Contributed by on Sep 11, 2005 - 10:31 PM

1 What this article is about, and why I'm writing it


PostNuke has developed quite a lot since it forked from PHP-Nuke; many changes have already been implemented in 0.7.6.0, and many more will be reflected in 0.8. However, compared with other parts of the core code, the language system hasn't changed much. And what has changed recently might not always have been a good idea.


Most of the development work on PostNuke is done by speakers of European languages (predominantly English and German, but also Danish, French and Spanish, to name but some). Speakers of those languages might not be aware of the differences between their mother tongue and some of the more-exotic but widely-spoken languages in the world. Since I spend quite a bit of my time applying different languages, I'd like to show a few problems and make a few suggestions that perhaps could be further discussed.


I have looked through the PostNuke language files before, but it was only when I, together with two students, attempted to translate them into Chinese that we noticed how difficult a task that can be. Parts of PostNuke 0.7.6.0 actually cannot be translated meaningfully into Chinese or Japanese anymore.


When I was working on the translation, I happened to "complain" in the pnLanguages forum on PostNuke's NOC (Network Operations Center) about a few of the problems, and was answered by David Nelson of the pnLanguages team. He suggested I should put all my "frustration" (well, it isn't that serious, but some of the problems really are…) into an article, which is what I'm doing right here and now.


2 Current problems with PostNuke's language system


There is a thread [1] on the PostNuke forums, started by ColdRolledSteel, in which he raised a number of very important points. It was that thread that actually made me start thinking about the shortcomings of the current language system, and what the solutions might be.


If you read further on in that thread, you will find comments about 0.7.6.0. It's a long discussion, but if you're interested in PostNuke localization then I recommend you to read all of it, since many serious problems are mentioned. Good-quality localization into some languages may actually become very difficult unless the language system is overhauled.


Most PostNuke enthusiasts know that PostNuke forked from PHP-Nuke. With PHP-Nuke, not only do you have to pay to get access to the latest version of a GPLed software, but also many people would probably agree that there can be significant changes from version to version.


Not all of those changes may be approved-of by many, since the line of development of PHP-Nuke is decided by just one person: Francesco Burzi. You can read many posts in the PostNuke forums about the problems the PostNuke developers have had in fixing problems caused by PHP-Nuke code leftovers.


What seems to be forgotten is that, unfortunately, one of the legacies is the way PostNuke handles languages.


Here is a summary of problems raised in the above-mentioned thread and other threads, that I encountered:


  • too many files;

  • too many phrases used multiple times;

  • language files are hard to handle;

  • separation of grammatical particles can make it impossible to provide a good translation in some languages.
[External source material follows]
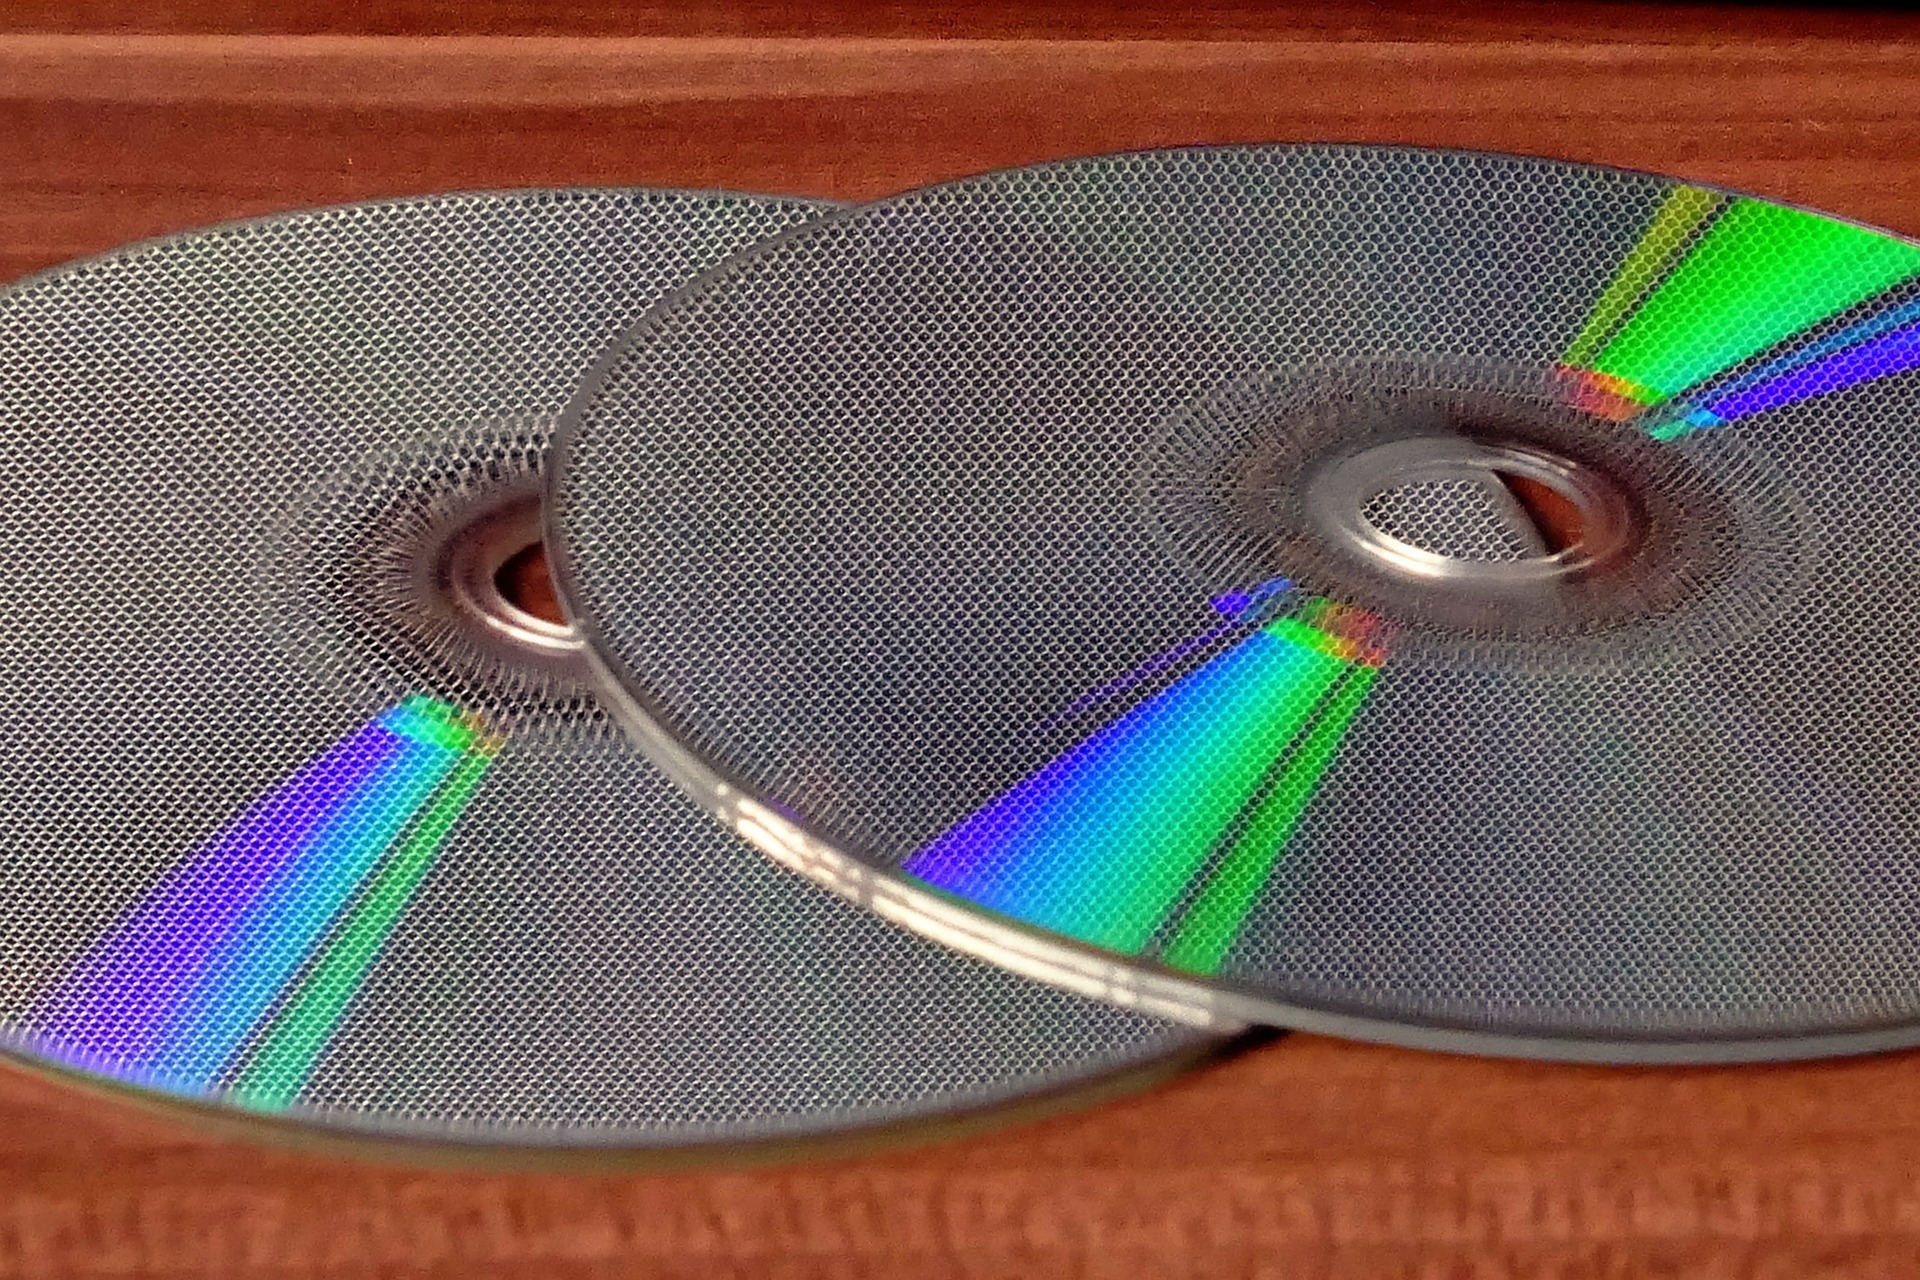 Imagen de CD-R para ilustrar post sobre copia de seguridad del certificado digital

Again, please read the above-mentioned thread [1].


3 Suggestions


3.1 Files and folders


3.1.1 Simple structure instead of chaos


Instead of having one language folder for each language in every module folder, why not have just one central "language" folder with just one file for each language? The file could be an XML file, containing all the strings needed by the core system. If a new module is installed, the installation procedure could copy all needed variables and strings into that file. When a module is uninstalled, the de-installation procedure would then be responsible for removing those strings from the language file (in the same way that tables are created and deleted at present).


3.1.2 Why the current language system is chaotic


Does anyone know how many variables and strings are used in the core system alone? Maybe some of the developers will know (though I seriously doubt it); but, certainly, nobody who tries to produce a language pack knows. What they will soon learn, however, is that many strings show up more than once.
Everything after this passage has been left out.